Dr. Thanh Tung Khuat
University of Technology Sydney, Australia
Dr. Thanh Tung Khuat is a Research Fellow at the Complex Adaptive Systems Lab and the ARC Digital Bioprocess Development Hub at the University of Technology Sydney, Australia, as well as the Co-founder and Chief Research Officer of NuverxAI Co., Ltd., Vietnam. With over a decade of experience in artificial intelligence (AI), machine learning (ML), and predictive modeling, he has made outstanding contributions to both research and industry applications, particularly in biotechnology, pharmaceutical manufacturing, logistics, finance and economics, smart agriculture, and business data analytics. As a leading expert in adaptive machine learning, explainable AI, and process optimization, Dr. Khuat has developed advanced ML models to enhance productivity and monitor biopharmaceutical manufacturing processes, optimize supply chains, and deliver highly accurate forecasts for complex financial and business intelligence systems. He has also made significant contributions to the advancement of Responsible and Explainable AI, promoting transparency and fairness in commercial AI systems. One of his key achievements is the development of Hyperbox-Brain, an open-source library for neuro-fuzzy machine learning designed for small-data learning, dynamic environments, and high interpretability. Hyperbox-Brain has been widely applied across fields such as biomedicine, smart manufacturing, and real-time time-series analytics, with tens of thousands of downloads from the global research and industrial community via GitHub, PyPI, and Conda.

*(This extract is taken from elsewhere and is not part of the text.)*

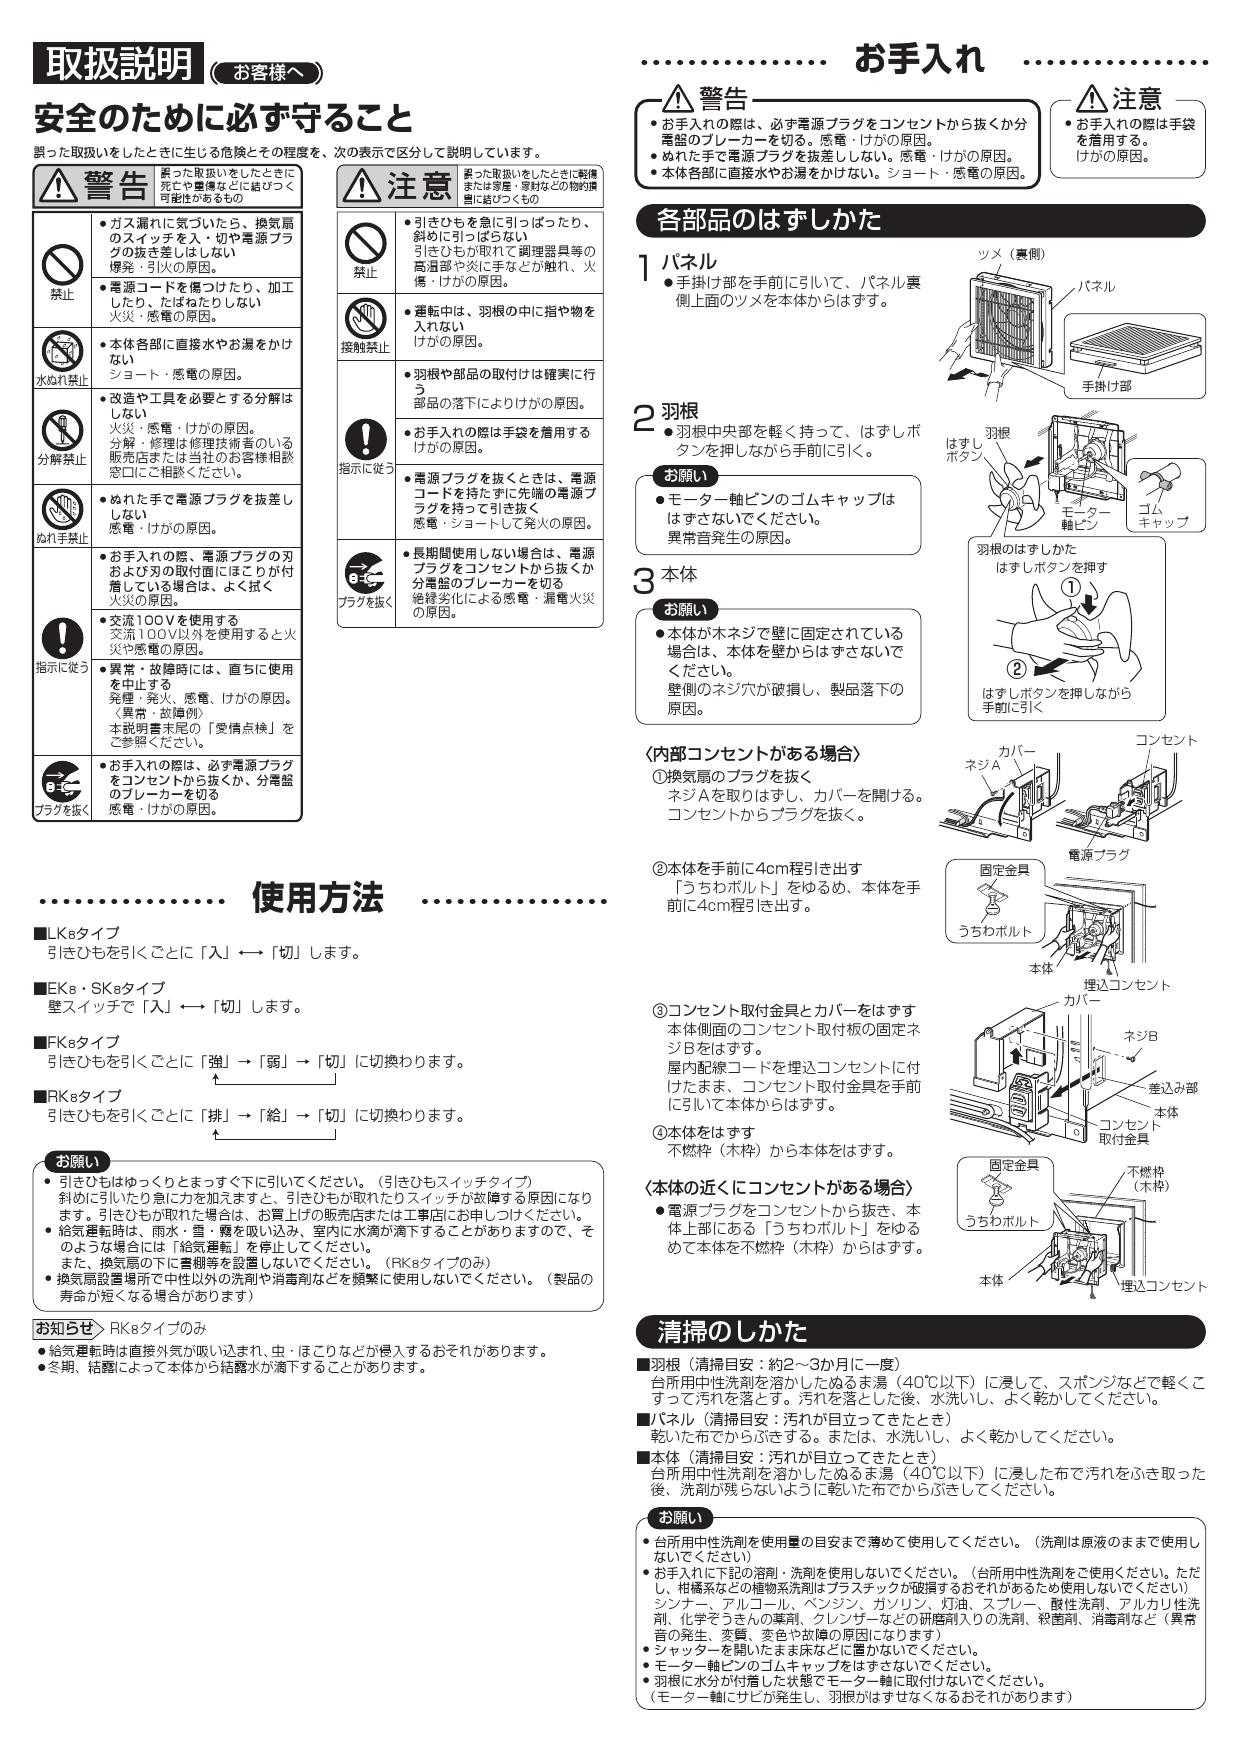 三菱電機 EX-25EK8-C取扱説明書 納入仕様図 | 通販 プロストア ダイレクト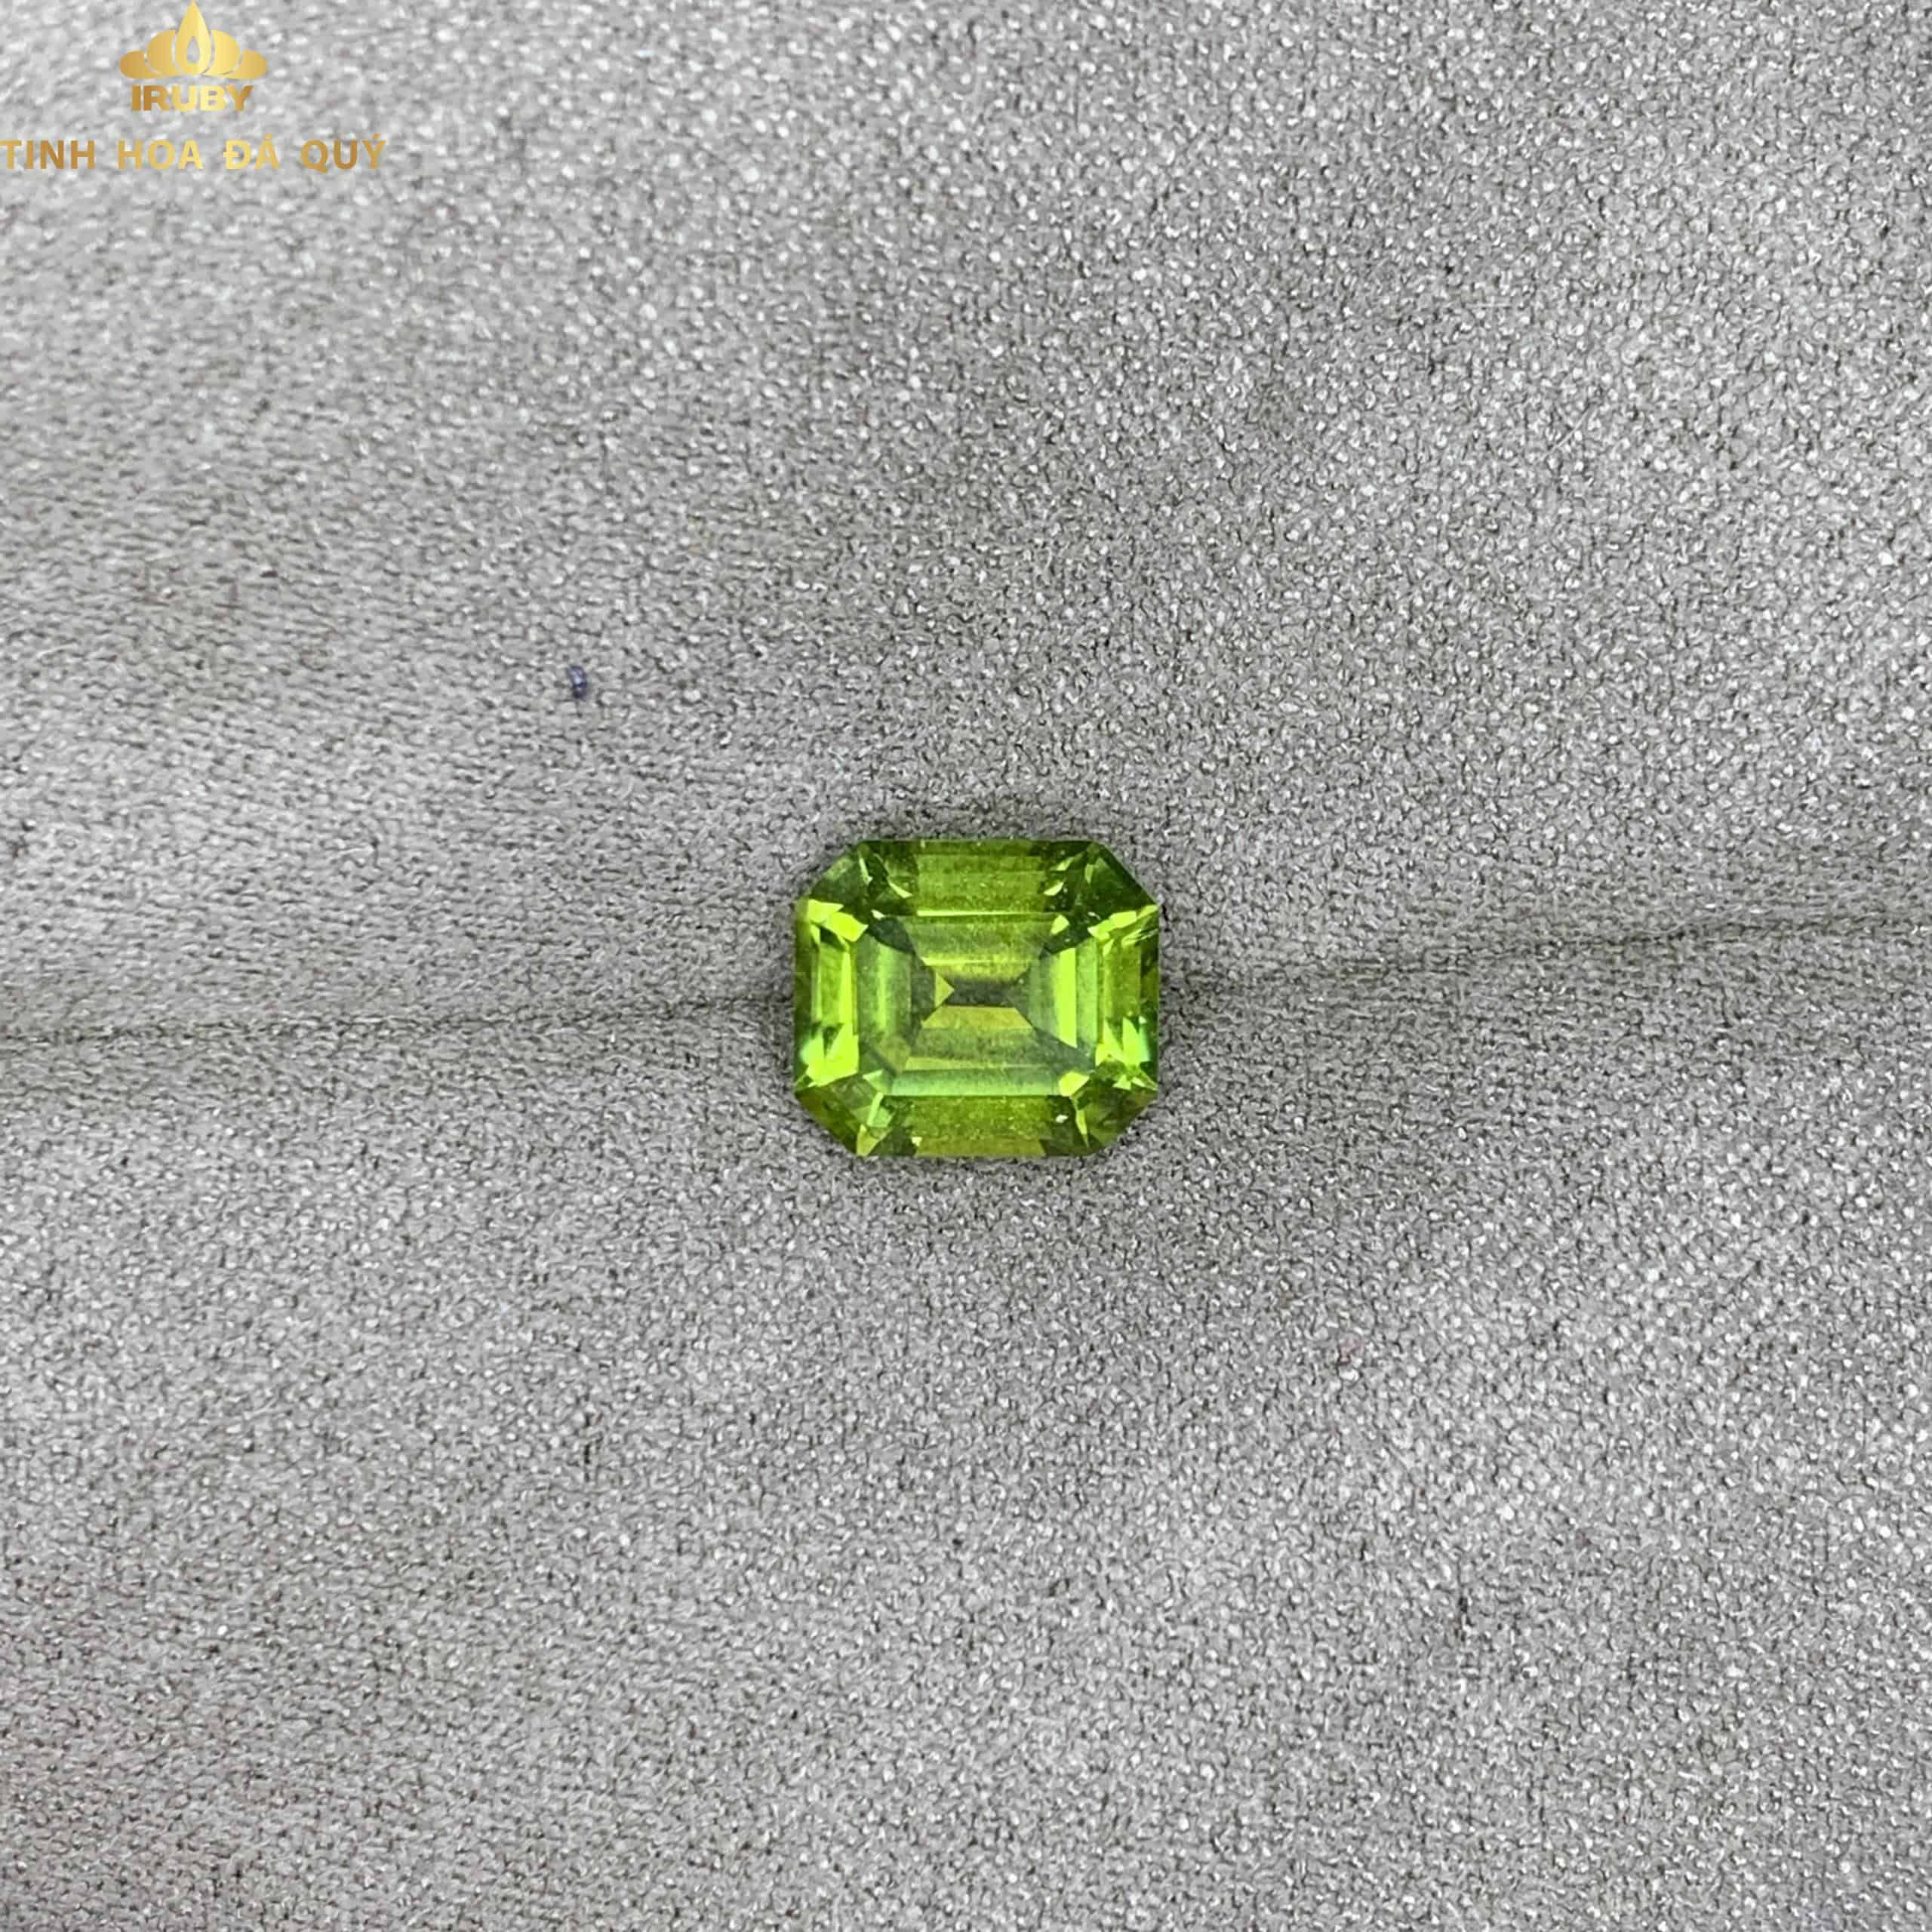 Viên Tourmaline Emerald xanh lá mạ 2,05ct - IRTM 233205 hình ảnh 4

With a strong publication record of over 40 scientific papers in top-tier international journals and conferences, along with multiple prestigious awards for research and innovation, Dr. Khuat is not only an outstanding researcher but also a strategic advisor to enterprises and startups in their AI adoption and digital transformation journeys. He has led numerous academia–industry collaboration projects, successfully translating advanced AI solutions into practical manufacturing and business operations.
Speech Title:“Machine Learning in Biopharma 4.0”
Abstract: The biopharmaceutical industry is entering a transformative era, Biopharma 4.0, where machine learning (ML), advanced analytics, and automation converge to revolutionize how we design, monitor, and control bioprocesses. Yet, despite decades of data generation in cell culture, upstream, and downstream processes, much of this data remains underutilized. This talk explores how ML-driven intelligence is redefining the biopharma value chain, from cell line development to real-time process monitoring and control and digital twins. We will uncover how process analytical technology (PAT) data, especially from Raman spectroscopy, are being integrated into predictive ML models to enable self-optimizing bioprocesses and adaptive control strategies. Case studies from industry leaders will also illustrate how these technologies accelerate process understanding, enhance product consistency, and reduce time-to-market. Finally, we will discuss the emerging paradigm of explainable and automated ML in bioprocessing, emphasizing trust, transparency, and regulatory alignment with Quality by Design principles. As we move toward intelligent biomanufacturing ecosystems, this talk will outline the roadmap to unlock the full potential of Machine Learning in Biopharma 4.0, where data truly drives discovery, development, and delivery.